CGPという職業に関わる規制(ヨーロッパ編)

EUには国境を越えた職業訓練事業を行うレオナルド・ダ・ビンチ・プログラムという機関が存在します。現在その機関で、ファイナンシャル・アドバイザーとして認められるための研修・資格を欧州内で統一しよう、という計画が進められています。この計画に参加しているのは、ドイツ、イギリス、フランス、スペイン、ベルギー、イタリア、アイルランド、ポーランドの8国です。これら8国でどのような資格を持つ人がこの業界で働いているのかを調査した後、今年の秋にはヨーロッパ統一規格が発表される予定です。

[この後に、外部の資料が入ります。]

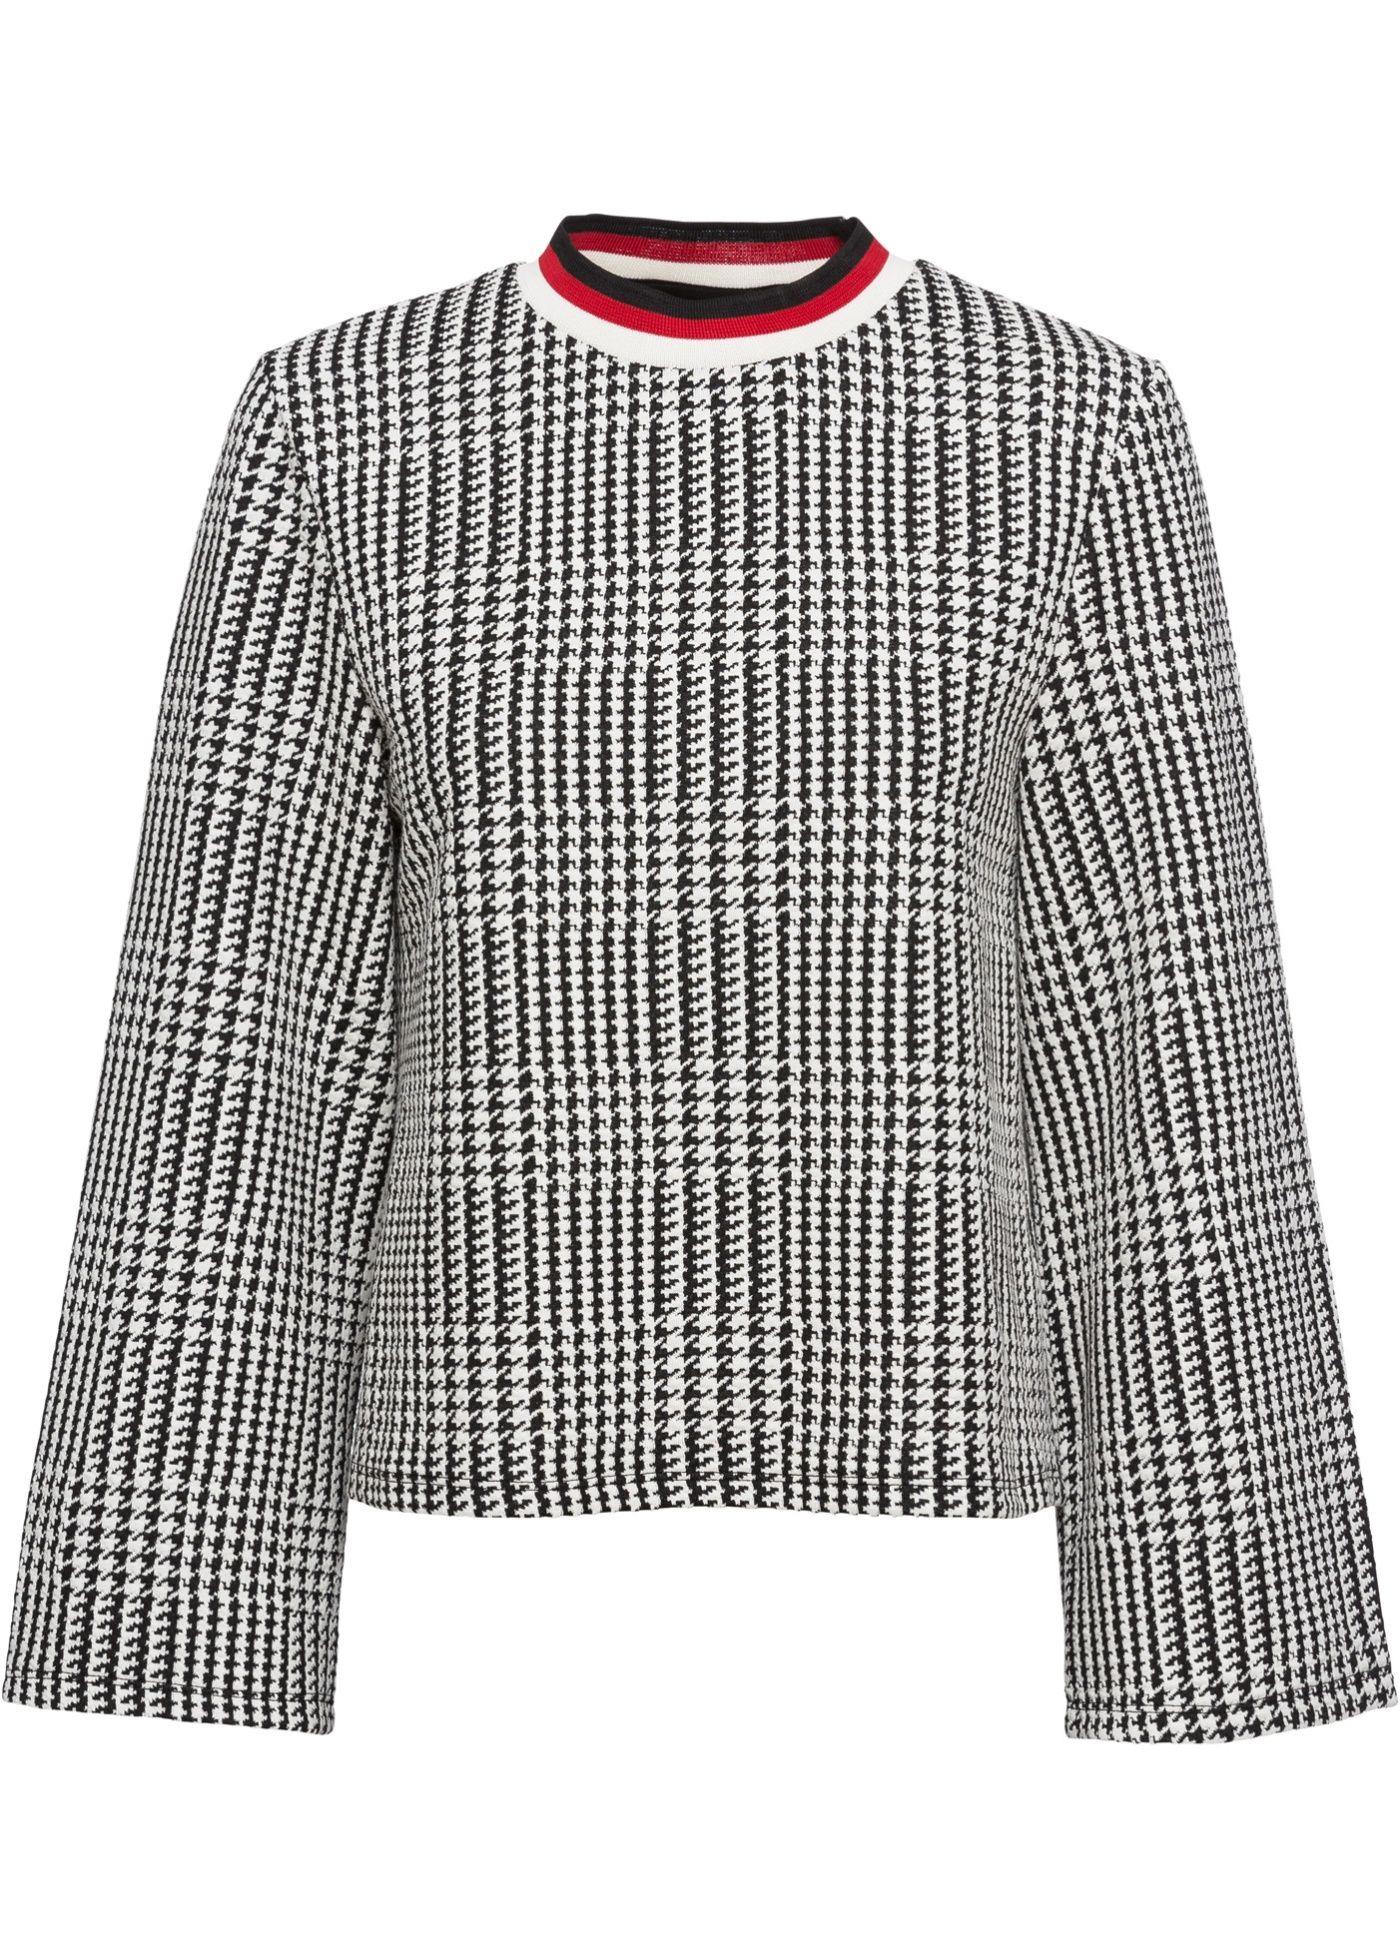 Im Trendy Design Und Mit Einem Tollen Karomuster Prasentiert Sich Dieser Stylishe Kurzpullover Der Coole Pullover Begei Coole Pullover Kurze Pullover Pullover

欧州内で引越しをしたばかり顧客にとって、欧州統一の規格があると「この人なら大丈夫」と安心して新しい担当者に相談できるようになるかもしれません。また欧州内で移動して活動しようとしているファイナンシャル・プランナーにとっては、自分の資格を国外でもすぐに認めてもらえて非常に便利になります。欧州の人と物の流通はどんどん活発になっていますが、CGPの規制を通じてもその流れを確認できるのは面白いですね。


ご覧いただいたように、CGPに関わる規制はまさに発展途上の段階にあります。このような規制の充実により、顧客側が『この業務に相応した教育を受けた経験のあるCGP』を確認しやすくなり、サービスの向上につながります。フランスでファイナンシャル・プランナーに相談する際には、その人がどのような資格を持って業務を行っているのか、事前に確認してみるといいかもしれませんね。